Weighting data points with fitted curve in Matlab

In summary: I'm not sure what the difference is, but it may be worth trying both methods and seeing which one gives you the best results.In summary, using weights in Matlab to normalize data can improve the accuracy of the fit, but it depends on the scale of the original standard errors.
  • #1
Steven Thomas
16
0
Hi all,

I'm currently in the middle of performing an experiment for the final project of my MSc, and I have a question about how I should go about weighting the data when fitting a curve to it using the MATLAB fitting tool.

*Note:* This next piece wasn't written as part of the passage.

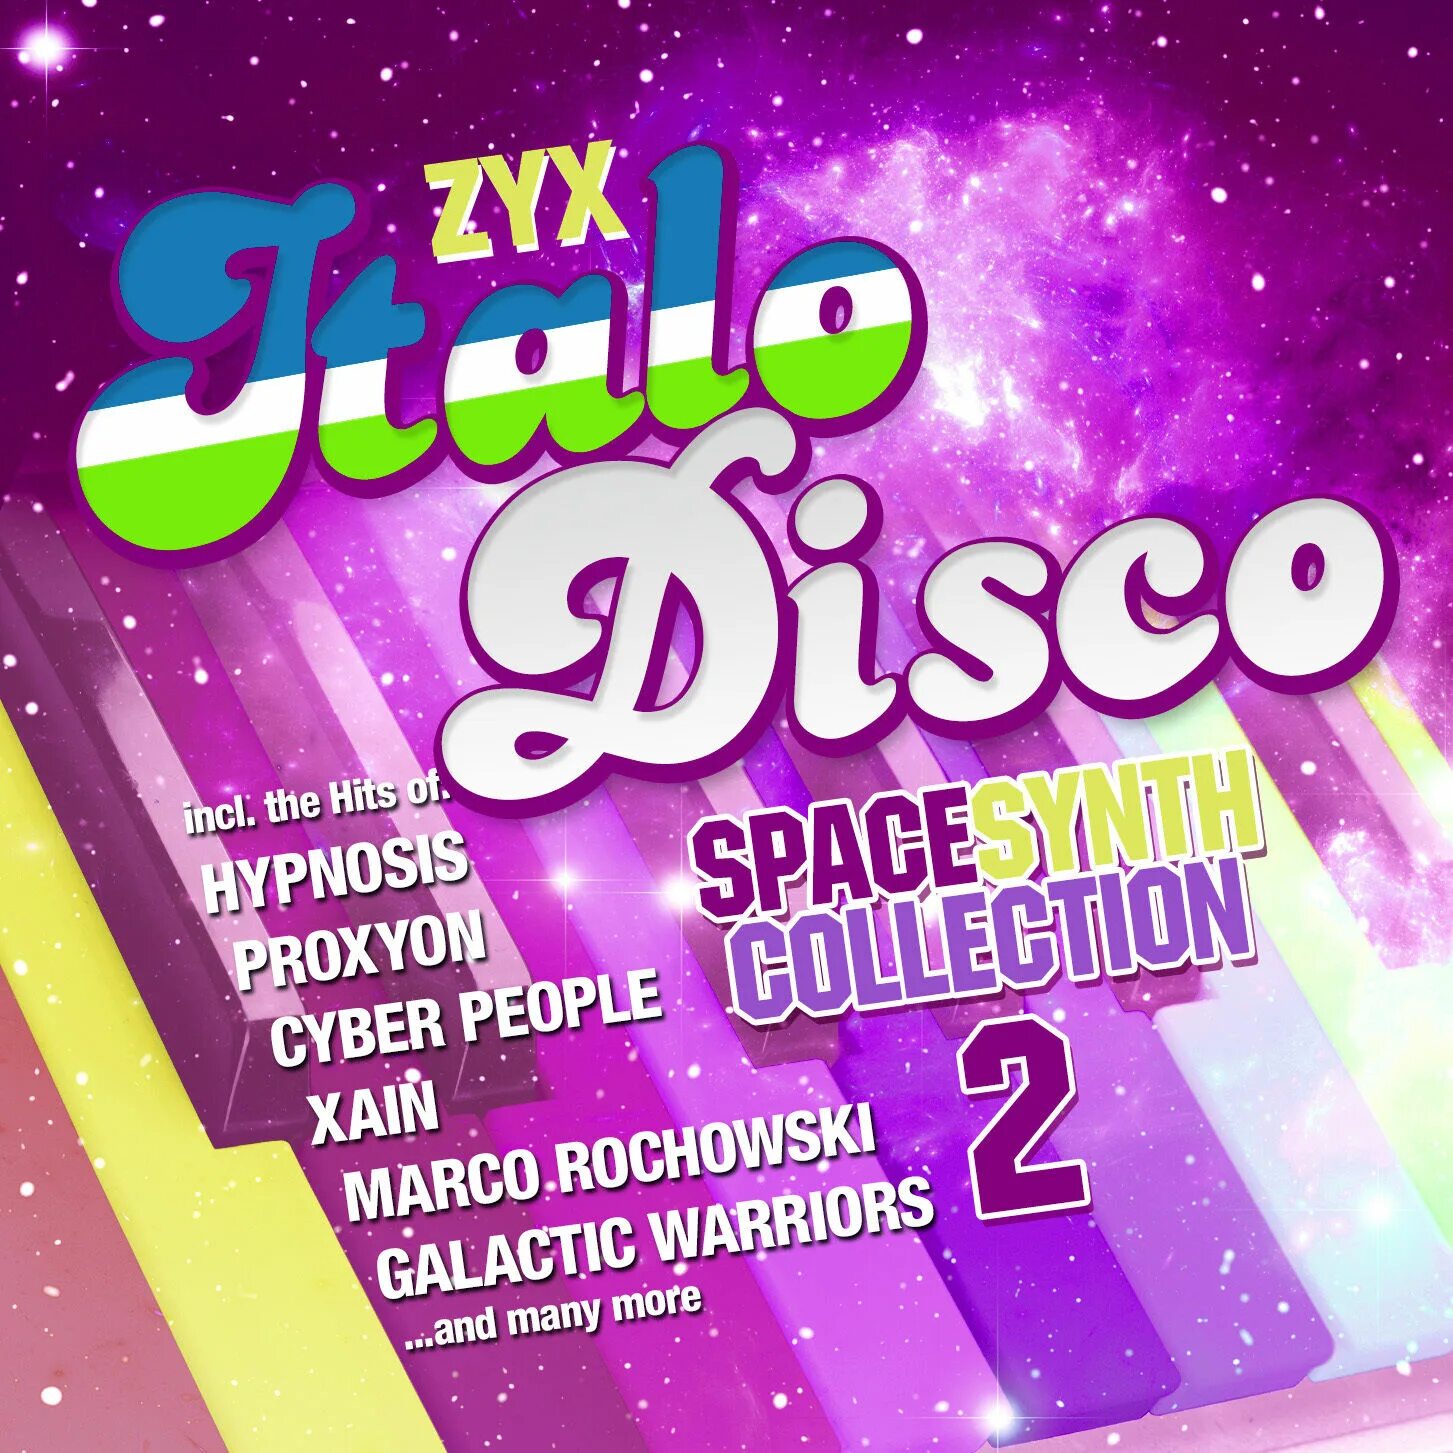 Va - ZYX Italo Disco Spacesynth collection 2. ZYX Italo Disco Spacesynth. ZYX Italo Disco Spacesynth collection CD. 2020 ZYX Italo Disco Spacesynth collection 6.

Firstly, a bit of background about the problem.

I am seeing how low temperature plasmas can be used to dissociate CO2, Carbon Dioxide, into CO, Carbon Monoxide. In order to see how much CO there is after the plasma I use an FTIR and absorption spectroscopy to measure the area of part of the spectra. I am currently trying to rerun the CO calibration.

To do this, I pass known admixtures of Argon and CO, then measure the area. So I have ten values of CO percentage, 0.1% to 1.0 percent in 0.1% increments, and I have 10 corresponding areas, each having been calculated from the mean of 10 readings at each admixture, so I also have a corresponding standard deviation (σ) and standard error (SE) for each admixture.

Normally I would just fit a function with the admixture along the x-axis and the area on the y axis, weighting each point with either 1/σ2 or 1/SE2. However, as in my experiment I will be recording areas of CO curves and want a corresponding percentage out, it is better for me to fit the data the other way around, with percentage along the y-axis and area on the x axis. With the data this way round I am fitting the function f(x) = a*x2 + b*x.

Without specifying any weights to my data points, I get the fit below:
1.png

with error on the coefficients as: a ±10.8%, and b ±13.4%.

With 1/σ2 as the weights I get:
2.png

and with 1/SE2 I get:
3.png

both with error on the coefficients as a ±12.8%, and b ±16.5%. Interesting that the function it returns is the same, for the last two cases, with the same R-square and adjusted R-square values, but with different SSE and RMSE values. The SSE is a factor of 10 different and the RMSE is a factor of √10 different, which I assume is due to the 10 readings used for the means taken into account when using the standard error over the standard deviation. What I am a little puzzled about is why the fit is now worse when I've specified which data points it should more carefully plot to.

So finally I come to asking my question - why? Have I misinterpreted how to use the weighting function in matlab, and should I have lower numbers as the ones I want to fit more carefully to?

Or is it because I have flipped the axis round on my data, so if I was just to plot the data with error bars, they would now be horizontal rather than vertical?

I am suspecting the second to be true, as I have tried fitting the function using just σ2 and SE2, and I get the following respectively:
4.png

5.png

again, both with the same values of the coefficients with errors a ±9.4%, and b ±10.7%. So the errors are lower, the SSE and RMSE are lower, and the R-square values are closer to 1 too.

Which way should I be doing it? Or have I got this all wrong and shouldn't be using absolute standard errors to weight with, but instead should be using percentage standard errors?

I know this is a bit of a long post, so if you've read this far I really thank you, but I've going through this for a couple of days now and would like some advice from someone better at statistics than I am.

Thanks in advance,

Steve.
 
Physics news on Phys.org
  • #2
I have not used weights in Matlab before, but I think there is a need to normalize them.
Using 1/SE seems to make the most sense, since SE is the standard error of the mean, which is what you are trying to plot.
To normalize, I would recommend something like
## w = \frac{1}{1+|\overline{SE} - SE|} ## where ##\overline{SE}## is your mean of the standard errors.
Another option would be to use
##S = \frac{|\overline{SE} - SE|}{\overline{SE}}##
And let weight be
## w = \frac{1}{1+S} ##
The effect of weights like these would be that if all your SE terms were the same, you would have all the weights be equal to 1.
Depending on the scale of your original SE, relative weights could vary a lot by just using 1/SE.
Hope this helps.
 
  • #3
Hi @RUber
Thanks for your reply.

Ihave tried your method and it gives me much better error percentages on the coefficients and it also reduces the SSE and RMSE and moves the Rsquare and adjusted Rsquare closer to 1, so that's good.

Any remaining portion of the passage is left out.